На позицию Платонова могло влиять также и то, что весной и летом 1928 года Бухарин казался победителем. Троцкий всерьез опасался, что Бухарин и Рыков теперь затравят Сталина как неотроцкиста. Сами “правые”, готовясь к июльскому пленуму ЦК, были настроены очень решительно, намеревались сместить Сталина и заменить его Томским или Углановым.58
Но вернемся к персонажам романа.
Александр и Прокофий Двановы — сводные братья.59 Писатель как бы приглашает задуматься — каким образом чуть ли не из одной колыбели выходят “дурак” и “мерзавец”: идеалист, которого легко изловить на его лучших порывах, и наглый мародер, не имеющий ничего святого?
10. Яков Титыч
В стихии революции обнаруживается колоссальное мошенничество, бесчестность как болезнь русской души.
Бесчестье и сентиментальность — основные начала русского социализма.
Н. А. Бердяев. “Духи русской революции”60
Завершает нашу галерею главинж человеческих душ, управляющий писательским департаментом, полный генерал от литературы61 Максим Горький. Это он решал, кто является советским писателем, кто — нет. Это он из Сорренто доходчиво разъяснял бестолковому Западу, в каких замечательных условиях трудится советский писательский цех: знай самовыражайся! Горький, наверно, самый характерный представитель поколения, которое, по выражению М.Алданова, “прожило жизнь на ходулях”62, а для заметной части этого поколения — и вовсе предводитель.
На своем шестом десятке Алексей Максимович не терпел возражений, затрагивавших его мировоззрение, — видно, чувствовал шаткость этого здания, боялся там хоть что-нибудь шевельнуть: не ровён час — все и рассыплется (и это — после ходулей!), с чем останешься? Но критикой в свой адрес, заслуживающей внимания (видимо, тут он доверял чутью и неплохо отличал подлинное от ерунды ), живо интересовался. Из тех, с кем стоило считаться, самое главное о нем сказали, наверное, Д.С.Мережковский и И.А.Бунин: большой талант на пошлую литературу.63 Конечно, он отличный публицист, но, во-первых, для великого пролетарского писателя этого явно мало, а, во-вторых, публицист — это ведь не только стиль, техника, но, прежде всего, свежесть взгляда, ясная, вызывающая интерес позиция…
Прочтя рукопись “Чевенгура”, Горький и тут не узнал о себе ничего утешительного.
Много места в романе уделено двум кузнецам: Сотых и Якову Титычу. Кузнецы были любимым символом той эпохи: дух был молод, и энергичная деятельность у раскаленного горна удачнейшим образом символизировала усилия по коренному переустройству общества — выковыванию ключей счастья.64 Тем более — и в первую очередь — этот символ был взят на вооружение пролетарскими писателями.

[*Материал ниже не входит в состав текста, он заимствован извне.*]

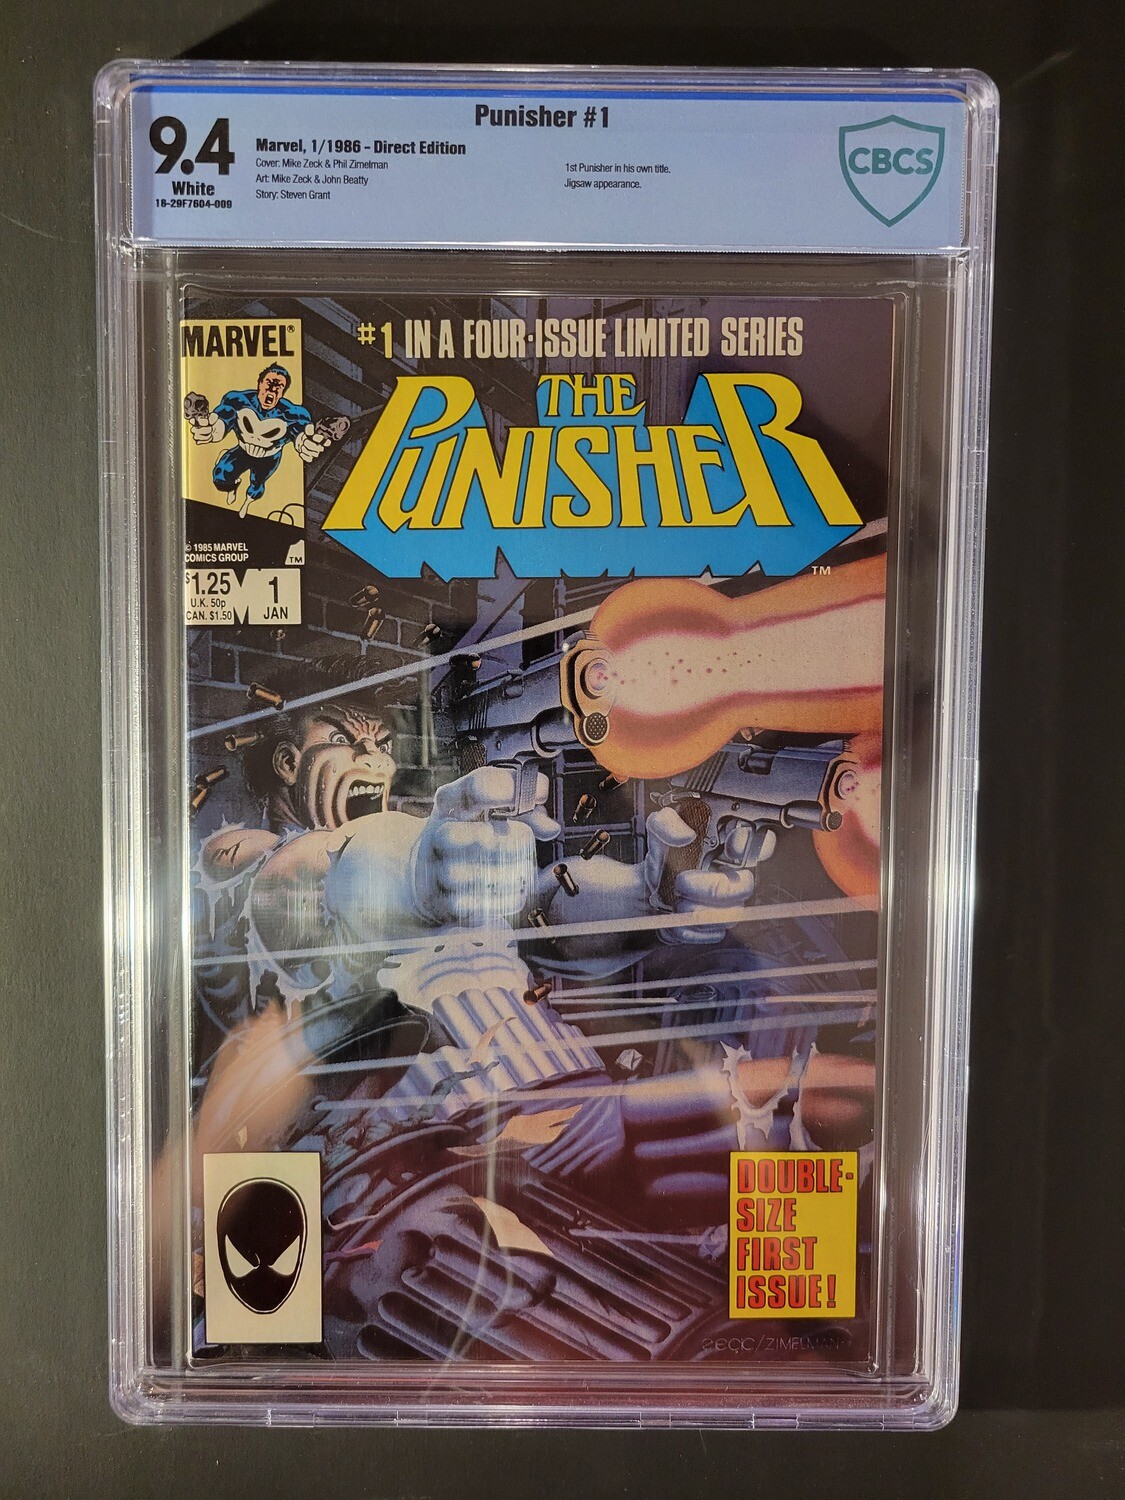 Punisher #1 CBCS 9.4 - 1st appearance of Punisher in his own title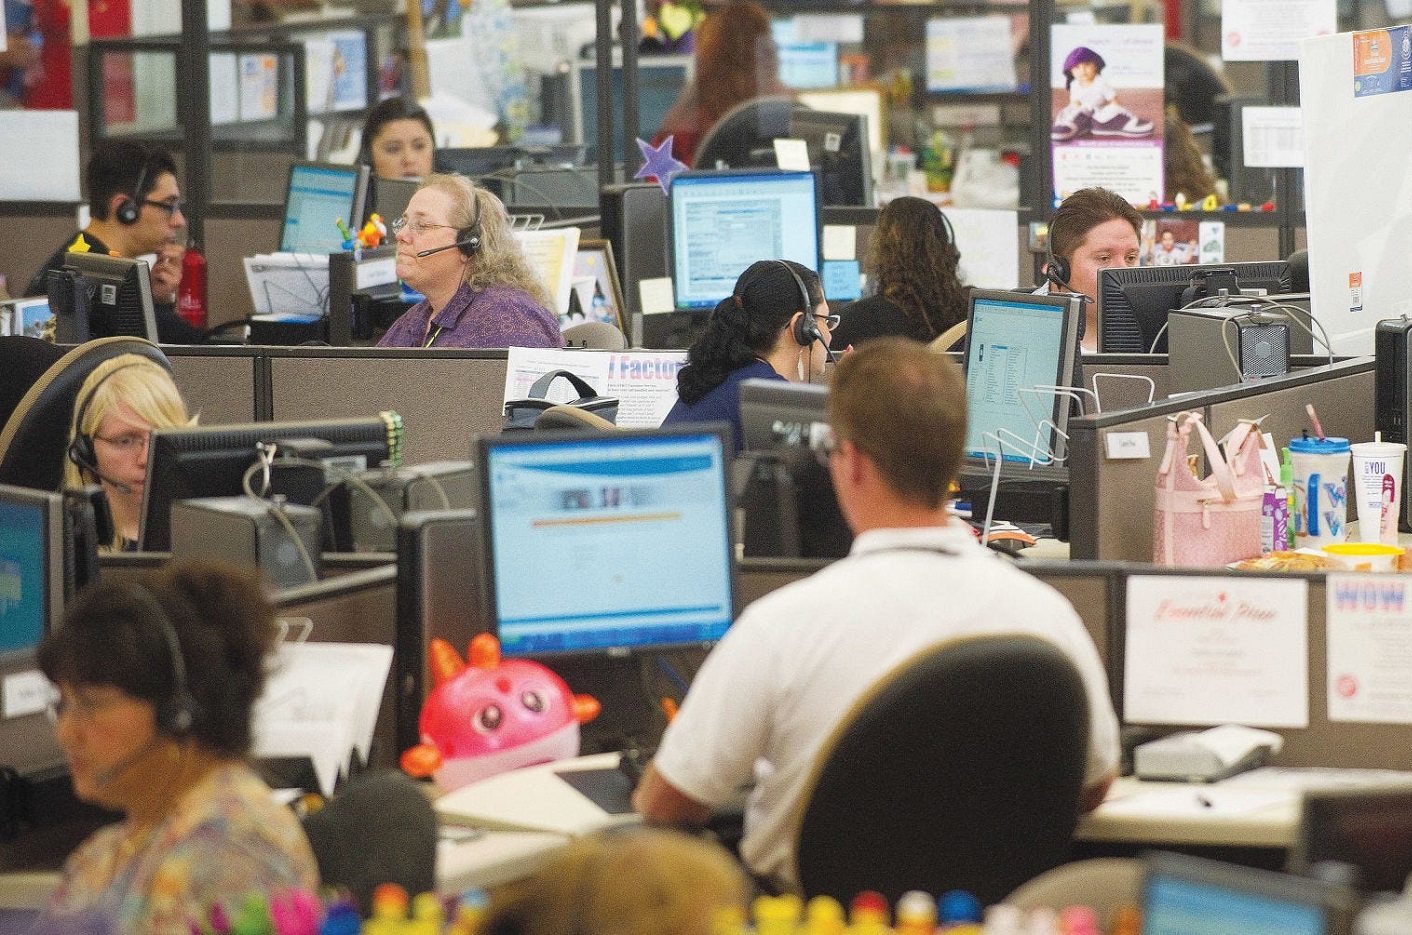 Strategies for Improving Your Contact Center Environment and Culture

Зимой 1918—1919 гг. при Пролеткульте решено было издавать журнал “Горн” под редакцией самих студийцев. По свидетельству Владислава Ходасевича, в 1919 году “ Литературная студия навсегда прекратила свое существование, а ее основное ядро сорганизовалось в группу пролетарских поэтов, получивших название <Кузница>. Она просуществовала несколько лет. Ничего выдающегося она не сделала”.65 С мая 1920 года и до начала 1922 года издавался журнал “Кузница”, сначала как орган пролетарских писателей, затем Всероссийской ассоциации пролетарских писателей (ВАПП). Так что свет этого всероссийского горна естественным образом освещал будущему автору “Чевенгура” его первые шаги на литературном поприще; в журнале “Кузница” Платонов публиковался.
Но вернемся к роману.
Если размышления Сербинова приведены лишь в авторском тексте, то Сотых — практически единственный, от кого чевенгурские большевики слышат открытое и решительное осуждение своих действий: про узость социальной базы, про свою постыдную опору на никудышные слои общества. Вообще говоря, подобную критику реальные большевики слышали с разных сторон, в том числе — и от разных писателей. Однако два обстоятельства, практически исключая какие-либо альтернативы, указывают совершенно определенный адрес: оперативность критики (так сказать, по горячим следам событий) и прямое указание на близость Сотых к Чепурному-Ленину “в сочельник коммунизма”. Сказанное побуждает ассоциировать Сотых именно с Максимом Горьким, с его журналом “Новая жизнь”, с его “Несвоевременными мыслями”.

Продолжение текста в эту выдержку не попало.